Dataset section:

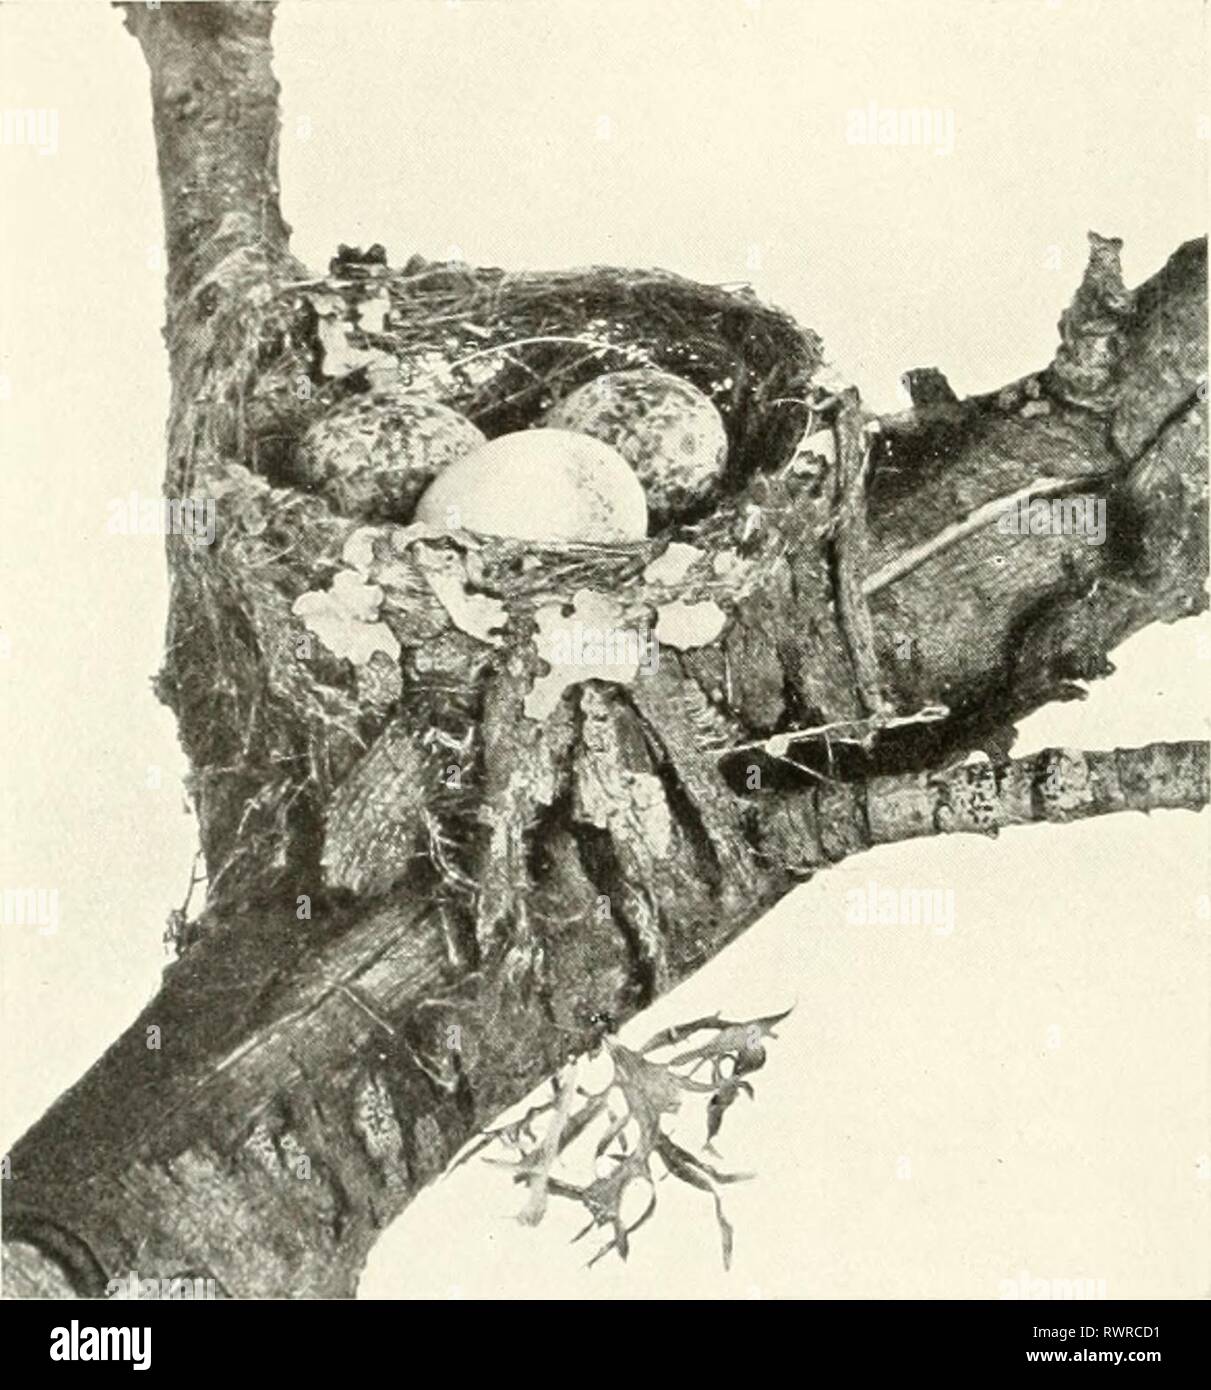 The Emu (1901) The Emu emu07aust Year: 1901  The Emu, I'oL VII. PLATE XIII.    Nest and Eggs of Brown Flycatcher (Mkrcvca fasciiians), with Egg of Square-tailed Cuckoo (Cacomantis variolosus). (Nearly natural size.) From * phoTo. by s w. jackson. Stock Photo
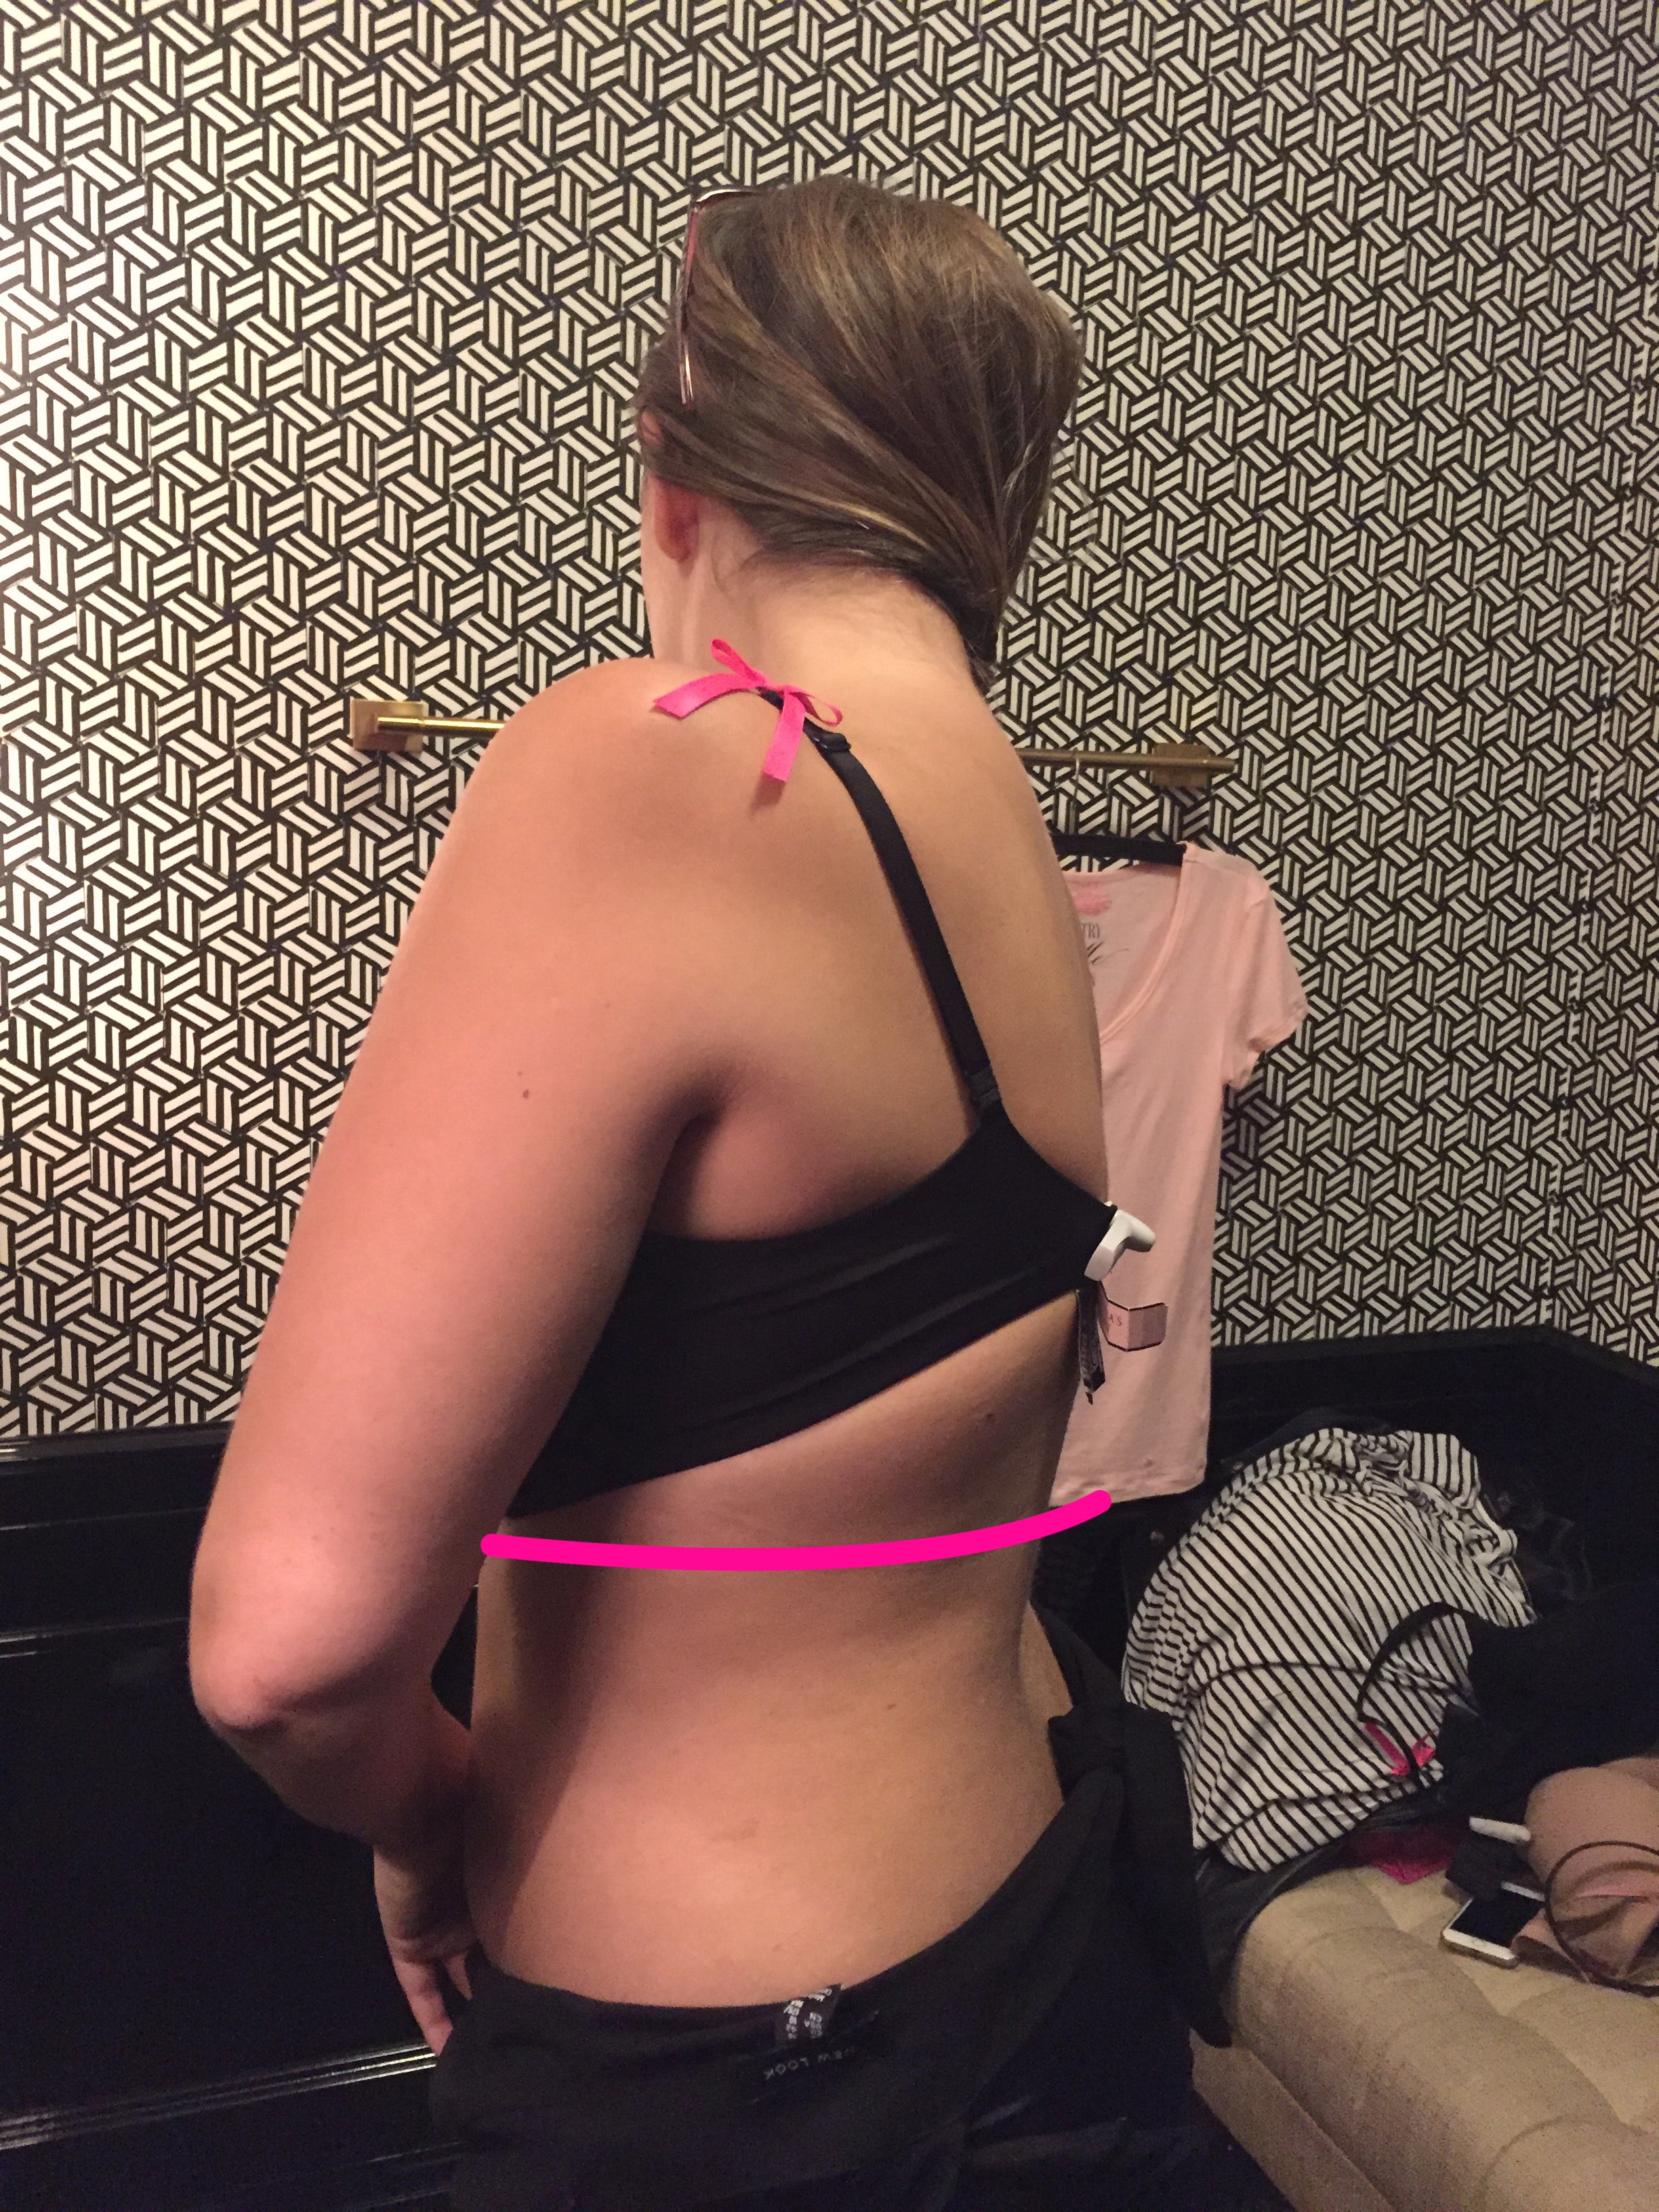 Lingerie Giant shows us exactly how NOT to do a bra fitting
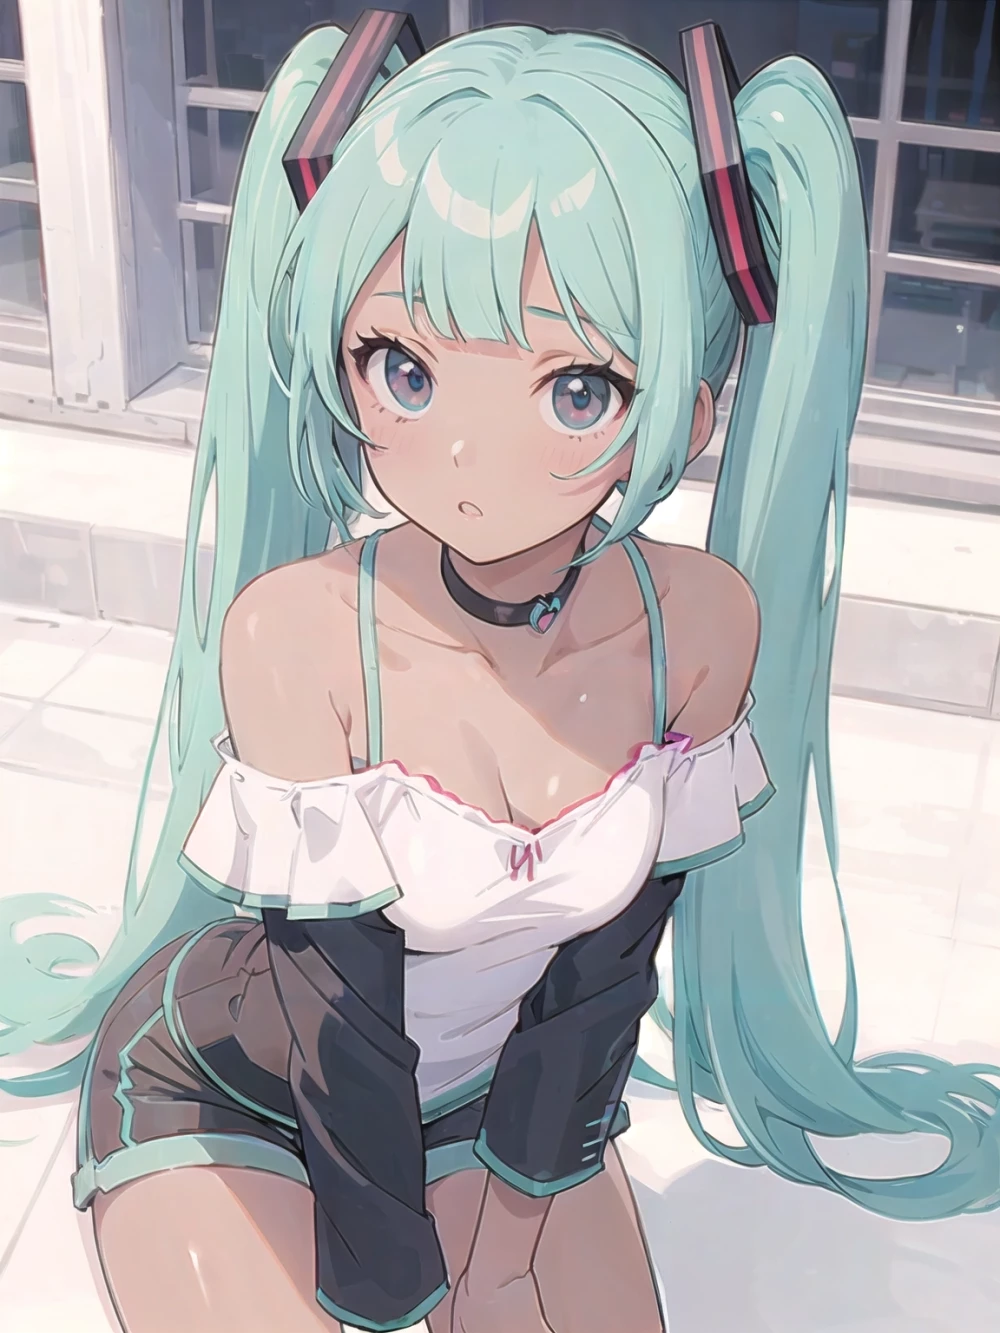 hatsune-miku-anime-style-all-ages-2-10
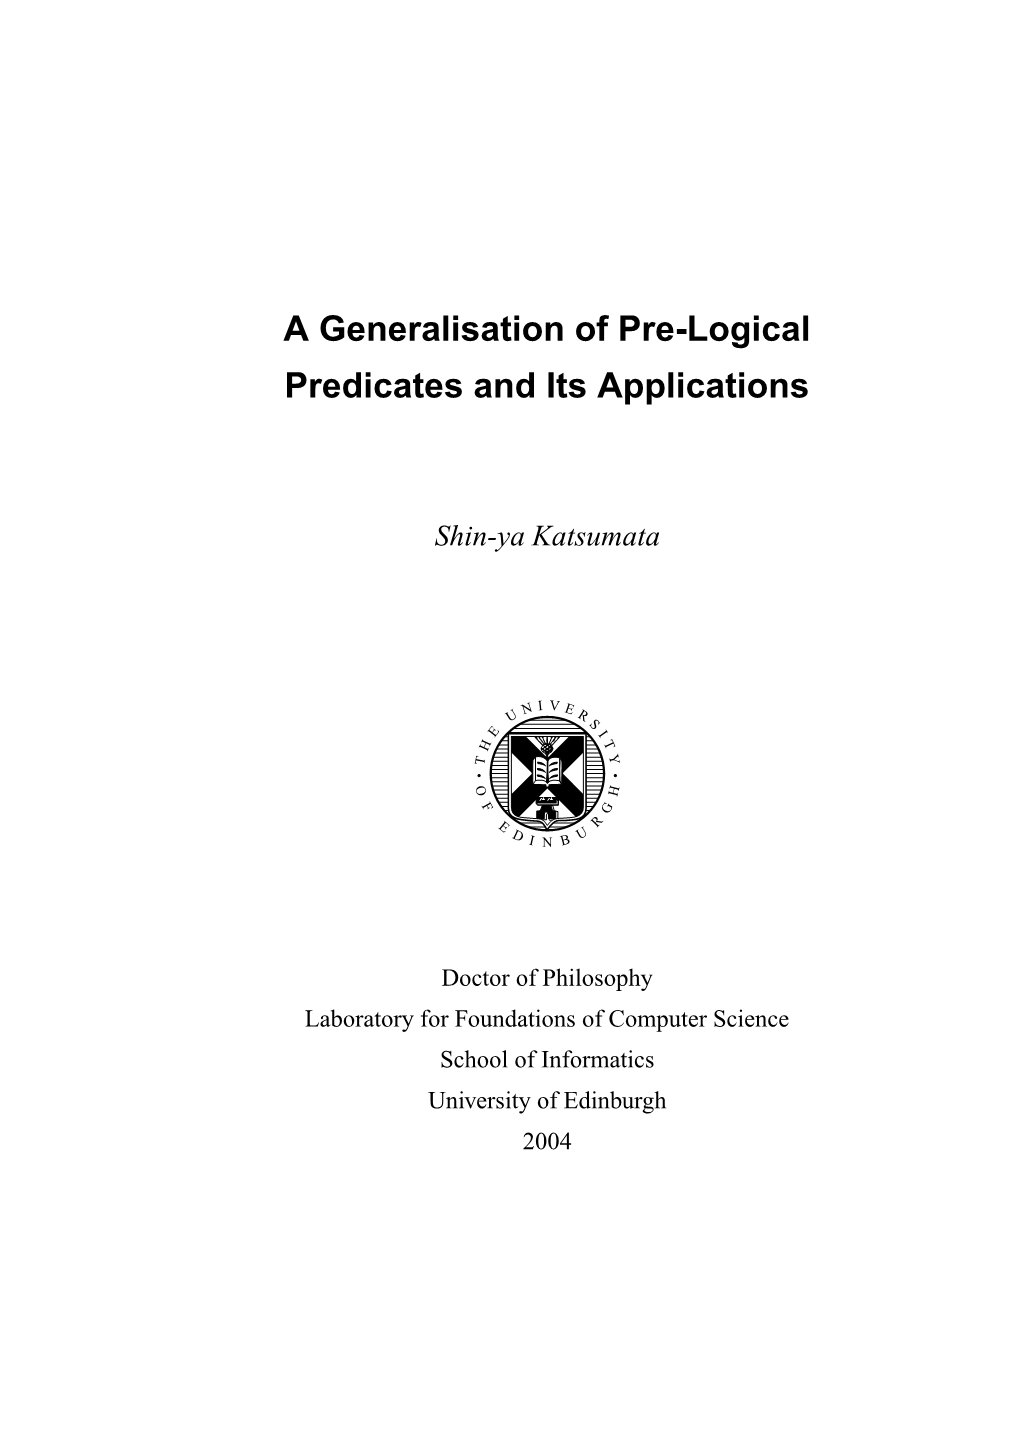 A Generalisation of Pre-Logical Predicates and Its Applications

Assignment: Please write out the entire listing above exactly, but leave the pictures out.

Expected answer:
 The Emu (1901) The Emu emu07aust Year: 1901  The Emu, I'oL VII. PLATE XIII.    Nest and Eggs of Brown Flycatcher (Mkrcvca fasciiians), with Egg of Square-tailed Cuckoo (Cacomantis variolosus). (Nearly natural size.) From * phoTo. by s w. jackson. Stock Photo
 Lingerie Giant shows us exactly how NOT to do a bra fitting
 hatsune-miku-anime-style-all-ages-2-10
 A Generalisation of Pre-Logical Predicates and Its Applications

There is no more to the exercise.